PROBLEM.
Once you have read the records, write them out again exactly.

LISTED ENTRIES.
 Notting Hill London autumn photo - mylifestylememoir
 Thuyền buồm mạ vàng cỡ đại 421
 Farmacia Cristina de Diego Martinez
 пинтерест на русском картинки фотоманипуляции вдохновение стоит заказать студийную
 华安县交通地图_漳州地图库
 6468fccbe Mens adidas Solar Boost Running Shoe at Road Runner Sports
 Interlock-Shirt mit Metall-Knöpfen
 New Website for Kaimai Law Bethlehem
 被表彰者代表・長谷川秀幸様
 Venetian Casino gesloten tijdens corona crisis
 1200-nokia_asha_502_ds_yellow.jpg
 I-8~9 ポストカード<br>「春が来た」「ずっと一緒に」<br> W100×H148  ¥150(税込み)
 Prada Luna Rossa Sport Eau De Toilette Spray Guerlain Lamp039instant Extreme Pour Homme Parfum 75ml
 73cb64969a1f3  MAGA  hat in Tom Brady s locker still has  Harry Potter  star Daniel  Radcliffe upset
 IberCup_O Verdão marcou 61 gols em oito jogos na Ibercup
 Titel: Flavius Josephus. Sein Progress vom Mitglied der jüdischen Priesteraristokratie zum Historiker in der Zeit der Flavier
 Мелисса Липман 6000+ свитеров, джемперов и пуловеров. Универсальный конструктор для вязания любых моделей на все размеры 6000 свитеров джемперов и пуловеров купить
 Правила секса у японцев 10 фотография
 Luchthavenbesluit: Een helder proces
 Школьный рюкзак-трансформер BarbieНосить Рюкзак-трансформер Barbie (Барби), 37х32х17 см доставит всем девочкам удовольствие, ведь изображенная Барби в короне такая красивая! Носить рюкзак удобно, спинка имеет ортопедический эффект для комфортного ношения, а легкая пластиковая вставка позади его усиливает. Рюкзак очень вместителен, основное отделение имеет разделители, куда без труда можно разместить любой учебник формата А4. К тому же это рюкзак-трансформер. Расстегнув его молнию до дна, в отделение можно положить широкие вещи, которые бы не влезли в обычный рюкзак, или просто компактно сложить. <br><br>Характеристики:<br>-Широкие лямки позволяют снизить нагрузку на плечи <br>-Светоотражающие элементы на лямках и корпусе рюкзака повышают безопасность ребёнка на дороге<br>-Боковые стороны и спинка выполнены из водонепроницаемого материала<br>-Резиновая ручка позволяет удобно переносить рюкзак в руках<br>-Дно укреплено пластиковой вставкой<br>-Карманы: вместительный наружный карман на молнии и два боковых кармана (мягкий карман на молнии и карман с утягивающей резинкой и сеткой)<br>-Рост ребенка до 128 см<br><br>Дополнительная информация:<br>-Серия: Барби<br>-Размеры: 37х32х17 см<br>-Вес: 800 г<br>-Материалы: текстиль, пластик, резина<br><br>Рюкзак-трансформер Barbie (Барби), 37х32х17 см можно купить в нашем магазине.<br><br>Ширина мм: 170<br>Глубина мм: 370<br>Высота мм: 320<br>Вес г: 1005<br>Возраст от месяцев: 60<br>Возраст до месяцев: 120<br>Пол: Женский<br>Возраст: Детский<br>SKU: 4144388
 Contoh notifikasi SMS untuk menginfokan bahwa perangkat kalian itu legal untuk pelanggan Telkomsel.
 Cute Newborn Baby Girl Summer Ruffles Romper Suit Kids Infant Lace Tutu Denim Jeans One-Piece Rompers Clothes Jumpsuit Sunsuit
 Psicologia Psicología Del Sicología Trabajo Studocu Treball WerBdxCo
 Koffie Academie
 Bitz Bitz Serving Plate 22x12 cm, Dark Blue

EXPECTED OUTPUT.
 Notting Hill London autumn photo - mylifestylememoir
 Thuyền buồm mạ vàng cỡ đại 421
 Farmacia Cristina de Diego Martinez
 пинтерест на русском картинки фотоманипуляции вдохновение стоит заказать студийную
 华安县交通地图_漳州地图库
 6468fccbe Mens adidas Solar Boost Running Shoe at Road Runner Sports
 Interlock-Shirt mit Metall-Knöpfen
 New Website for Kaimai Law Bethlehem
 被表彰者代表・長谷川秀幸様
 Venetian Casino gesloten tijdens corona crisis
 1200-nokia_asha_502_ds_yellow.jpg
 I-8~9 ポストカード<br>「春が来た」「ずっと一緒に」<br> W100×H148  ¥150(税込み)
 Prada Luna Rossa Sport Eau De Toilette Spray Guerlain Lamp039instant Extreme Pour Homme Parfum 75ml
 73cb64969a1f3  MAGA  hat in Tom Brady s locker still has  Harry Potter  star Daniel  Radcliffe upset
 IberCup_O Verdão marcou 61 gols em oito jogos na Ibercup
 Titel: Flavius Josephus. Sein Progress vom Mitglied der jüdischen Priesteraristokratie zum Historiker in der Zeit der Flavier
 Мелисса Липман 6000+ свитеров, джемперов и пуловеров. Универсальный конструктор для вязания любых моделей на все размеры 6000 свитеров джемперов и пуловеров купить
 Правила секса у японцев 10 фотография
 Luchthavenbesluit: Een helder proces
 Школьный рюкзак-трансформер BarbieНосить Рюкзак-трансформер Barbie (Барби), 37х32х17 см доставит всем девочкам удовольствие, ведь изображенная Барби в короне такая красивая! Носить рюкзак удобно, спинка имеет ортопедический эффект для комфортного ношения, а легкая пластиковая вставка позади его усиливает. Рюкзак очень вместителен, основное отделение имеет разделители, куда без труда можно разместить любой учебник формата А4. К тому же это рюкзак-трансформер. Расстегнув его молнию до дна, в отделение можно положить широкие вещи, которые бы не влезли в обычный рюкзак, или просто компактно сложить. <br><br>Характеристики:<br>-Широкие лямки позволяют снизить нагрузку на плечи <br>-Светоотражающие элементы на лямках и корпусе рюкзака повышают безопасность ребёнка на дороге<br>-Боковые стороны и спинка выполнены из водонепроницаемого материала<br>-Резиновая ручка позволяет удобно переносить рюкзак в руках<br>-Дно укреплено пластиковой вставкой<br>-Карманы: вместительный наружный карман на молнии и два боковых кармана (мягкий карман на молнии и карман с утягивающей резинкой и сеткой)<br>-Рост ребенка до 128 см<br><br>Дополнительная информация:<br>-Серия: Барби<br>-Размеры: 37х32х17 см<br>-Вес: 800 г<br>-Материалы: текстиль, пластик, резина<br><br>Рюкзак-трансформер Barbie (Барби), 37х32х17 см можно купить в нашем магазине.<br><br>Ширина мм: 170<br>Глубина мм: 370<br>Высота мм: 320<br>Вес г: 1005<br>Возраст от месяцев: 60<br>Возраст до месяцев: 120<br>Пол: Женский<br>Возраст: Детский<br>SKU: 4144388
 Contoh notifikasi SMS untuk menginfokan bahwa perangkat kalian itu legal untuk pelanggan Telkomsel.
 Cute Newborn Baby Girl Summer Ruffles Romper Suit Kids Infant Lace Tutu Denim Jeans One-Piece Rompers Clothes Jumpsuit Sunsuit
 Psicologia Psicología Del Sicología Trabajo Studocu Treball WerBdxCo
 Koffie Academie
 Bitz Bitz Serving Plate 22x12 cm, Dark Blue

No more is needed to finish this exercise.